■ **DATA EXCERPT**:
────────────────

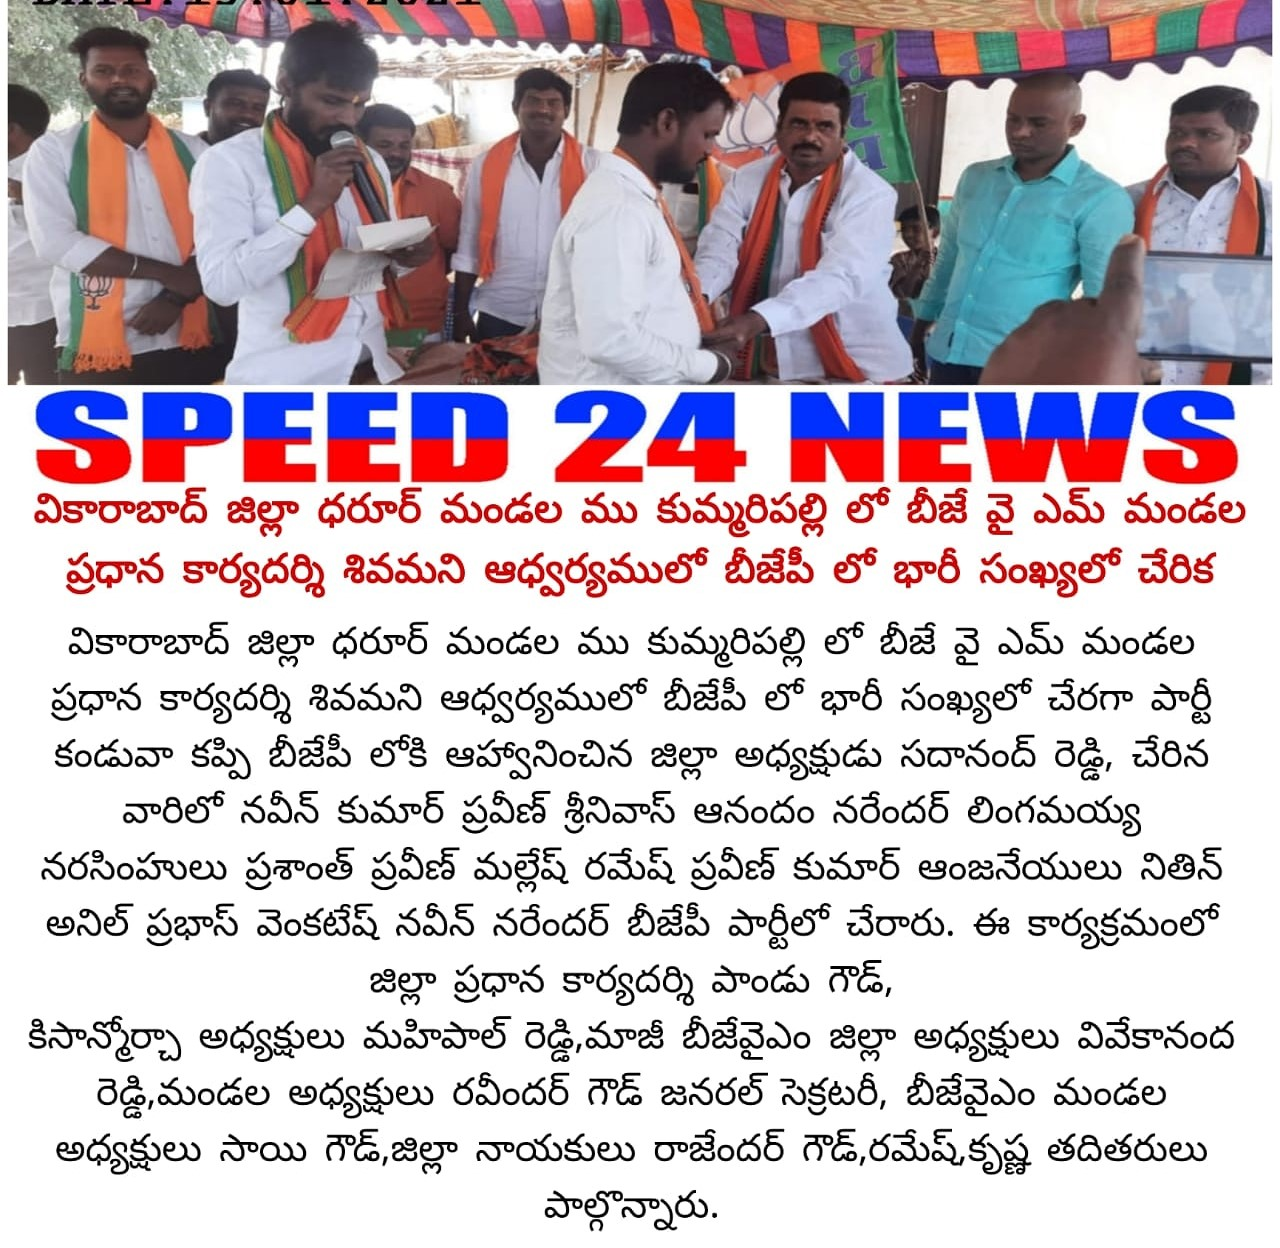 Ashamolla Shivamani Goud   BJYM General Secretary   Active Member   Party Activist   ABVP   RSS   BJP   Vikarabad Nagaram   Dharur   Vikarabad   Telangana   theLeadersPage
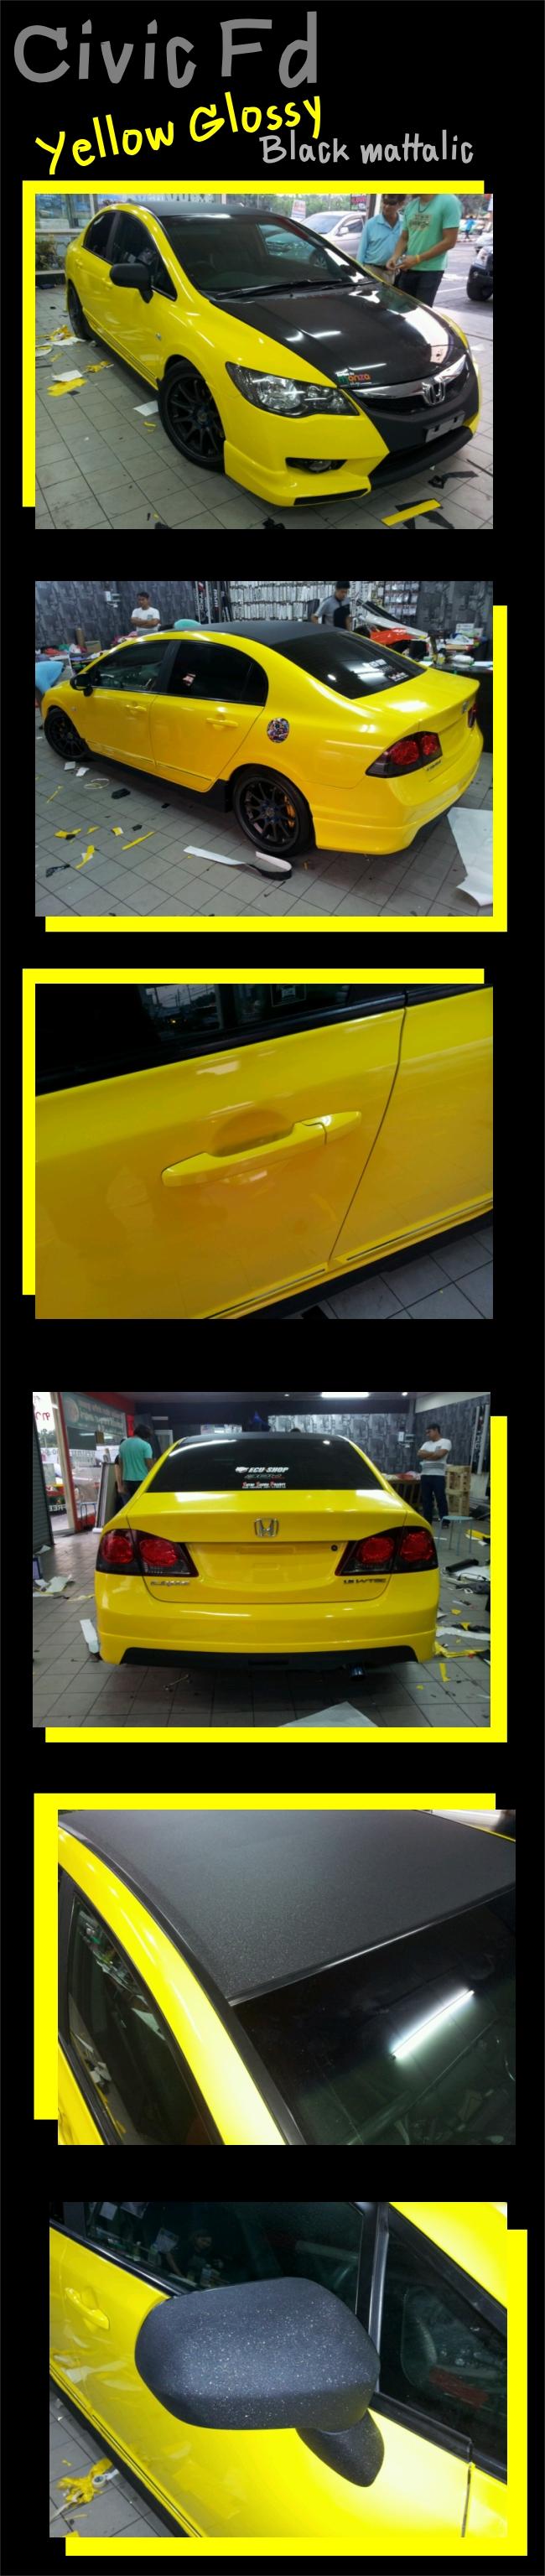 wrap car civic fd ฟิล์มหุ้มเปลี่ยนสีรถ เปลี่ยนสีรถทั้งคันด้วยสติกเกอร์ wrapเปลี่ยนสีรถ เปลี่ยนสีรถดำด้าน
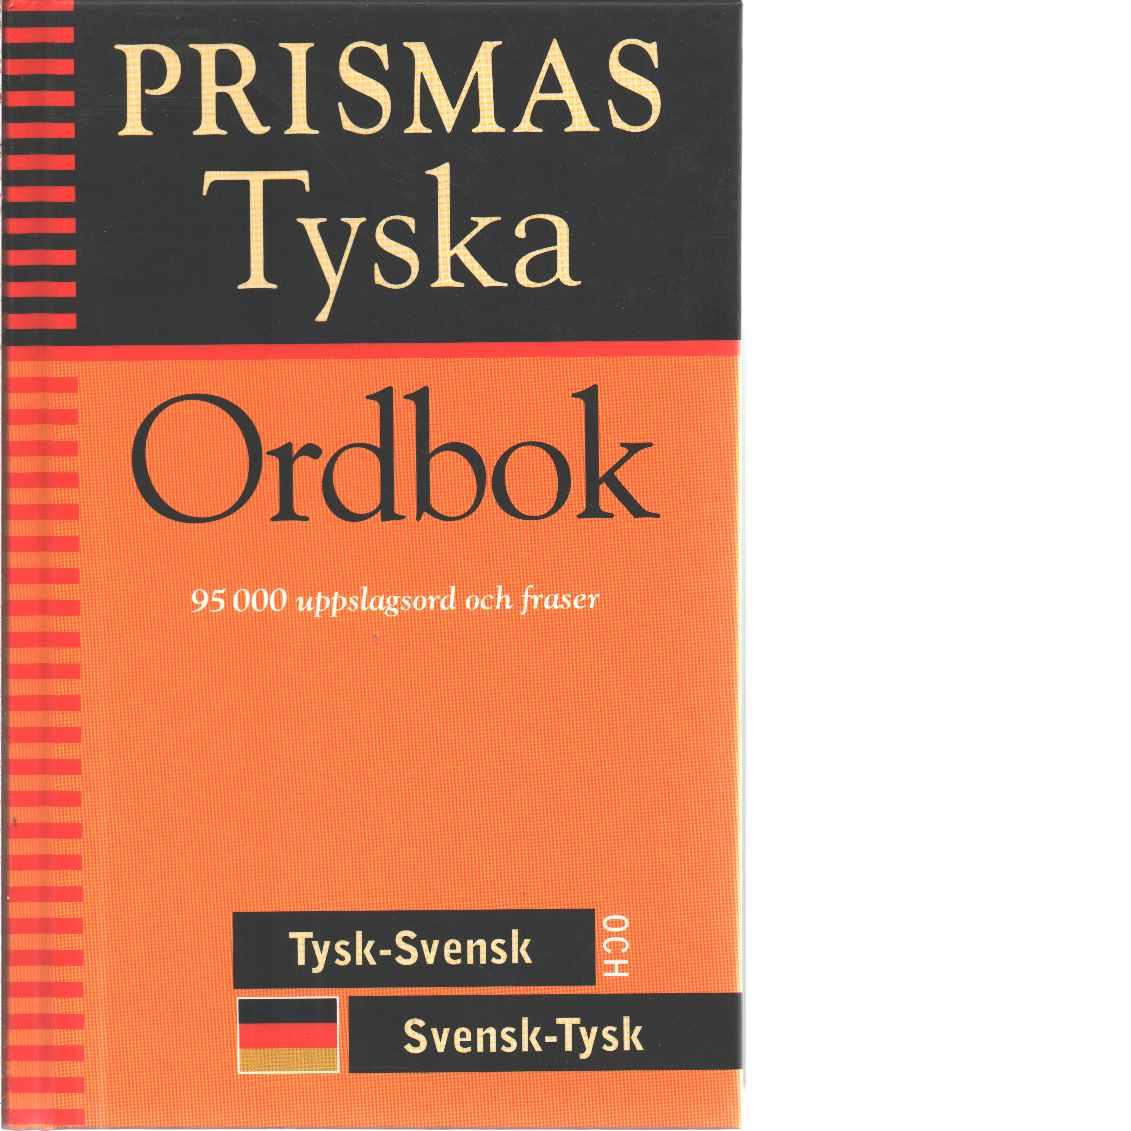 Prismas tyska ordbok  - Red.

────────────────

■ **WORK TO BE COMPLETED**: Would you repeat the listing above exactly, minus the images?

■ **OUTPUT FOR THIS TASK**:
 Ashamolla Shivamani Goud   BJYM General Secretary   Active Member   Party Activist   ABVP   RSS   BJP   Vikarabad Nagaram   Dharur   Vikarabad   Telangana   theLeadersPage
 wrap car civic fd ฟิล์มหุ้มเปลี่ยนสีรถ เปลี่ยนสีรถทั้งคันด้วยสติกเกอร์ wrapเปลี่ยนสีรถ เปลี่ยนสีรถดำด้าน
 Prismas tyska ordbok  - Red.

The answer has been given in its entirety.